Justice Cecily Strickland, in a recent court ruling, said Levant’s book promotion in 2019 via lawn “signs were election advertising.”

Levant had been fighting a $3,000 fine he received for the lawn signs. According to Strickland, the fines had nothing to do with the book’s title of content, as per Blacklock’s Reporter.

The court wrote that a “partisan book is not election advertising,” but it was the promotion of the book that was, and this happened during an election.

Levant’s book is titled The Libranos: What the media won’t tell you about Justin Trudeau’s corruption.

During the fall 2019 Canadian Federal Election, Levant promoted his new book with posters, lawn signs, billboards and other methods.

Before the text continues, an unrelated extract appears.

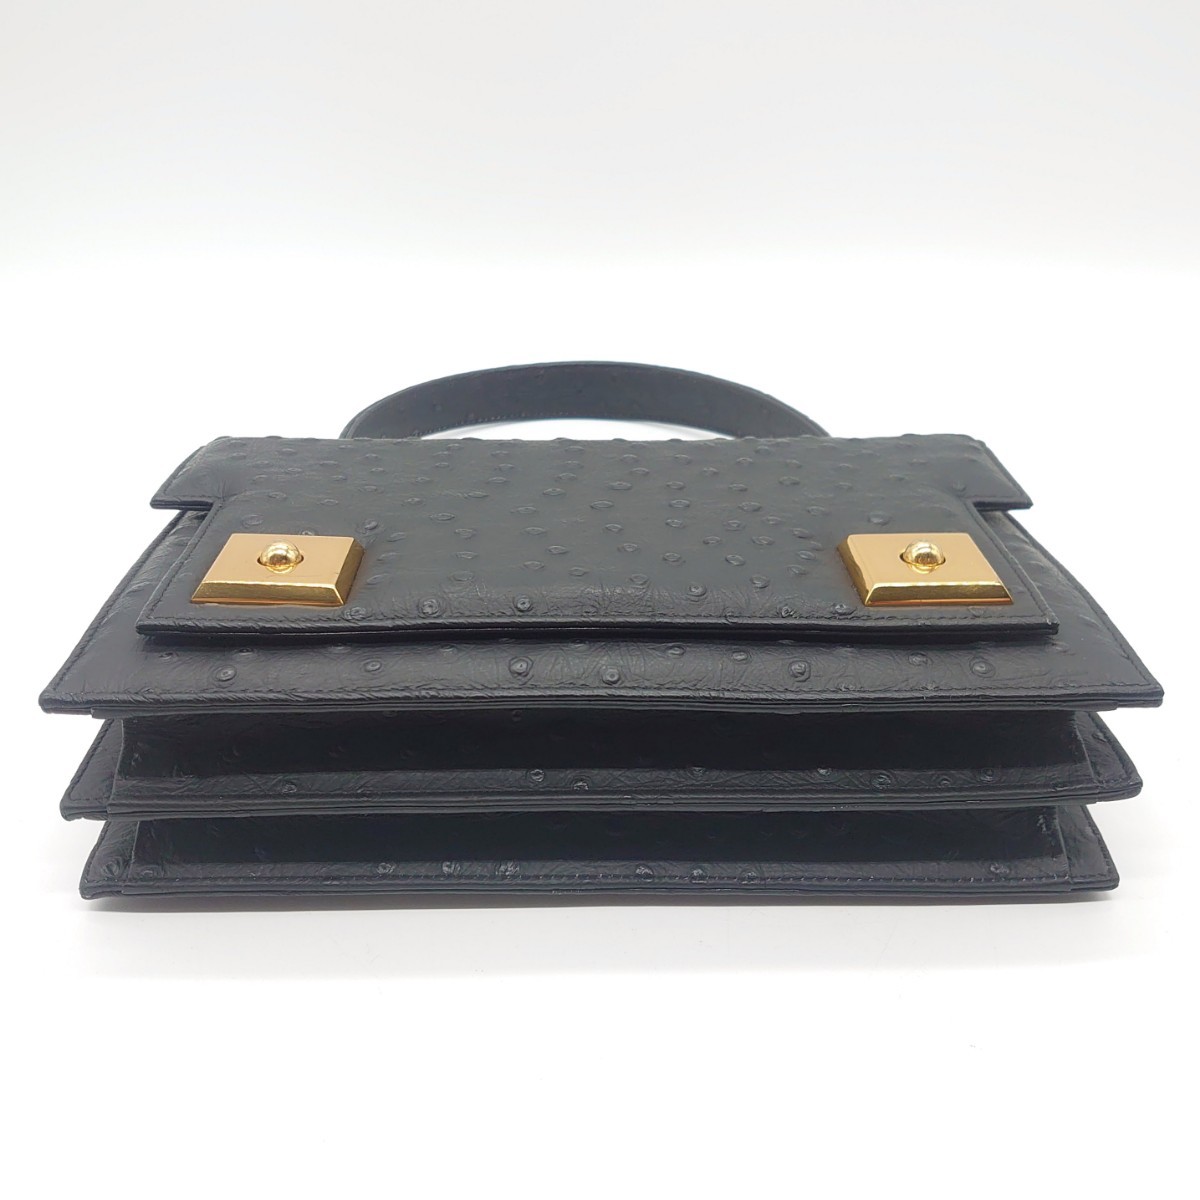  Ostrich женский ручная сумочка No-brand экзотический кожа карман металлические принадлежности Gold черный retro подлинная вещь dn-23x1025

In June 2019, the federal government amended Canada’s Elections Act. The rules require third parties, including non-profit groups, register with Elections Canada if they spend more than $500 on any kind of “political advertising.” This includes any spending that boosts positions taken during election campaigns regarding issues of public policy. The new Elections Act also sets spending limits on third-party election advertising.

According to Levant, the Election Act exempts books from the new law. However, he was later fined after being investigated for the use of lawn signs.

Levant said at the time of the incident, “The day I register with the government to write a book is the day we no longer are the true north strong and free. And if Elections Canada’s commissioners are stupid enough to prosecute me for writing, publishing, and promoting a book about an election during an election, then that’s an important fight to have.”

Levant, a well-known Canadian media personality and political activist, also said in early 2020 he was being investigated because he chose to publish the book critical of Trudeau during the 2019 election and for not “registering” his book with the government to promote it.

He even posted portions of a video in which he secretly recorded himself being interviewed by government agents regarding his book.

Elections Act rules mandate that all election campaign activity be regulated, though section 349 permits the “distribution of a book or the promotion of the sale of a book.”

However, the Elections Commissioner ruled that Levant’s book promoting lawn signs was not a book promotion but was timed to attack Trudeau during the election.

“It is clear the so-called book exemption applies only in relation to a book that would have been published whether or not the election was called,” the commissioner said at the time.

Levant launched his book two days before the 2019 federal election.

“There is little doubt the lawn signs were intended to, and did, oppose a registered party,” federal investigators wrote at the time.

“That they may also have been intended to promote the referenced book during the election period does not change the fact,” they added.

In 2021, Levant’s lawyers argued that the case involved free speech, saying Canada’s “Charter guarantees ‘freedom of thought, belief, opinion and expression including freedom of the press and other media of communication.’”

“Among other things, this protection promotes participation in social and political decision making and denies the state the power to suppress opinion and commentary,” they added.

Trudeau won the 2019 Canadian Federal Election by a narrow margin over his main conservative rival, then-party leader Andrew Scheer.